Inhibitor of DUX4-IGH to Erase Acute lymphoblastic Leukaemia

The second most important cause of death and morbidity in Europe is cancer and B-cell acute lymphoblastic leukaemia (BALL) is the most common paediatric cancer and cause of cancer-related death before 20 years. In up to 7-10% of cases, this disease is caused by genetic rearrangements giving rise to the DUX4-IGH fusion. A specific treatment for these patients is currently unavailable, therefore this project aims to investigate the possibility to develop new therapeutic strategies for the treatment of B-ALL with DUX4-IGH rearrangements. In particular we aim to test a novel inhibitor of DUX4-IGH transcriptional activity and its pathological consequences, using both cellular and animal model of the disease.

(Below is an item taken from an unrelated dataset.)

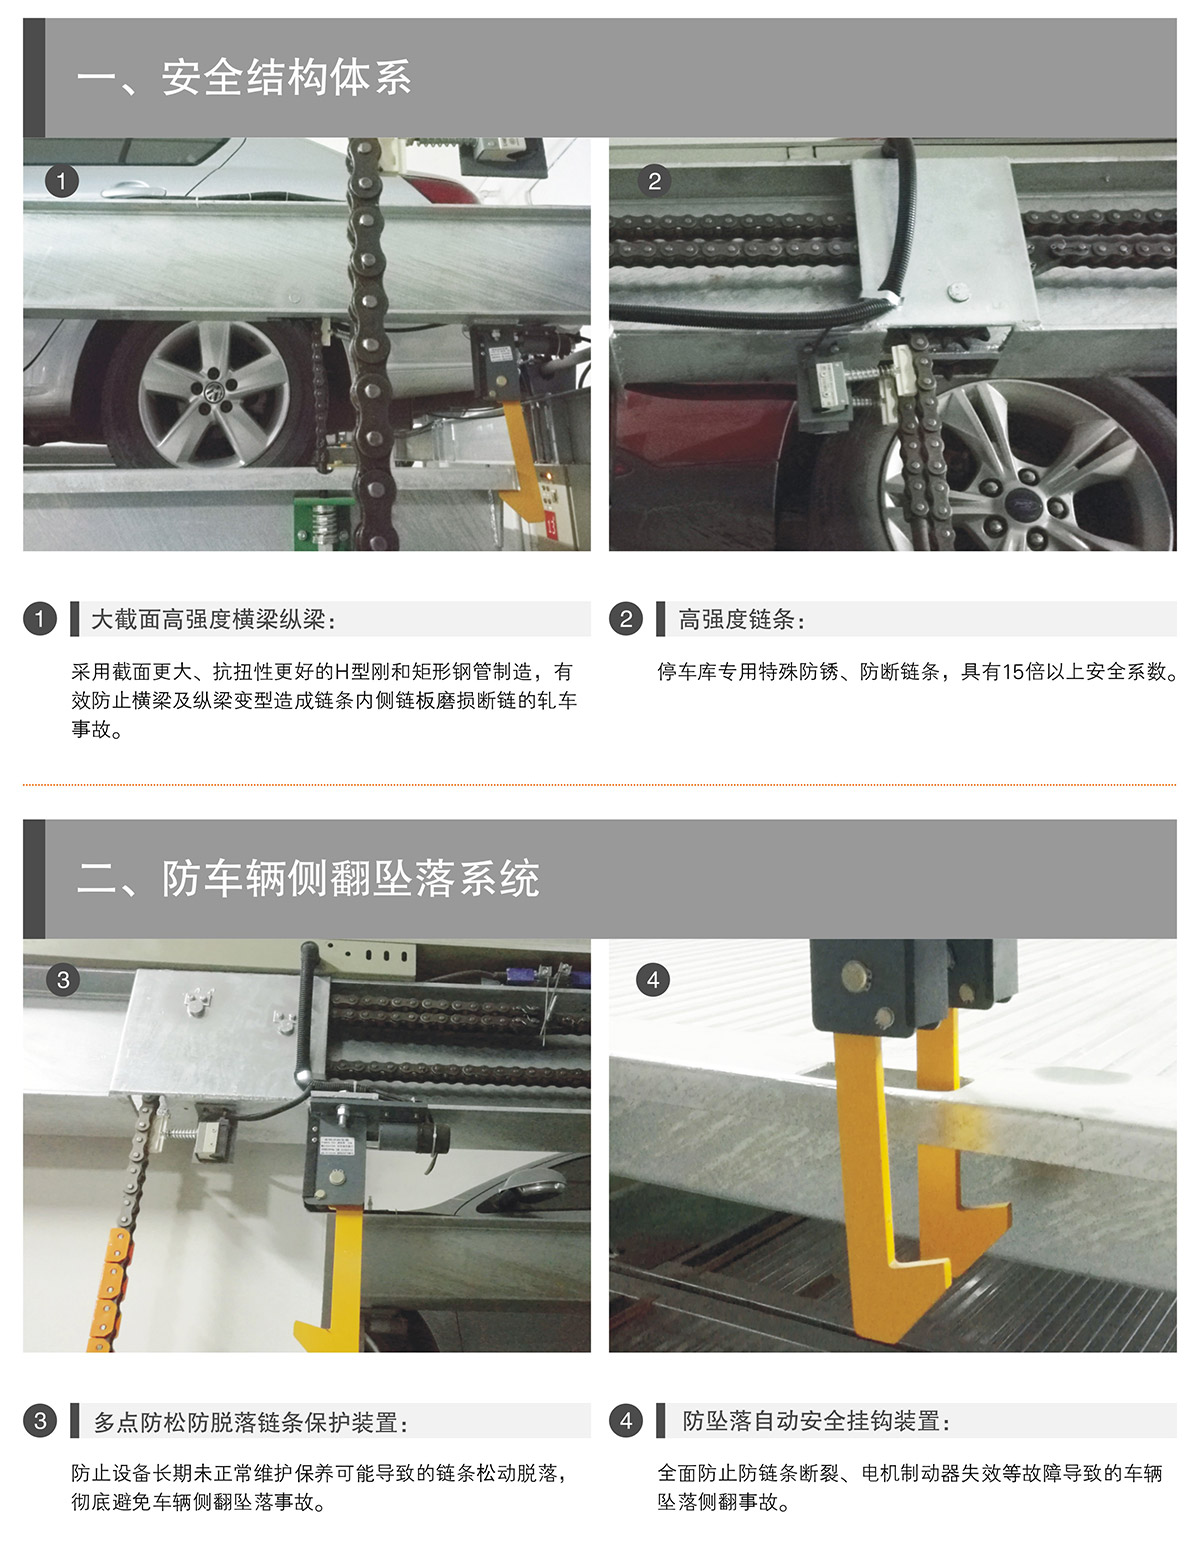 自动停车02PSH升降横移机械立体停车安全结构体系.jpg

During the reporting period, I used an approach combining in vitro and in vivo analyses to test the potential antileukemic activity of a new inhibitor of DUX4-IGH+ve leukemia.
In particular I exploited both a cellular model and a humanized animal model to test the efficacy of this inhibitor.
I found that delivery of the inhibitor is associated to inhibition of DUX4-IGH leukemia cell growth and inhibition of DUX4-IGH biological functions (such us modulation of target genes and proteins).
I tested the specificity of the inhibitor exploiting different cell lines and approaches.
I demonstrated that the expression of this inhibitor is detrimental to DUX4-IGH leukemia cells expansion in immunocompromised animals.

The results of the projects overall support the antileukemic activity of the DUX4-IGH inhibitor.
Pre-clinical validation of the DUX4-IGH inhibitor will help defining effective therapeutic strategies for DUX4-IGH B-ALL patients, improving clinical outcome and lowering treatment toxicity, thus overall promoting Europe's healthcare.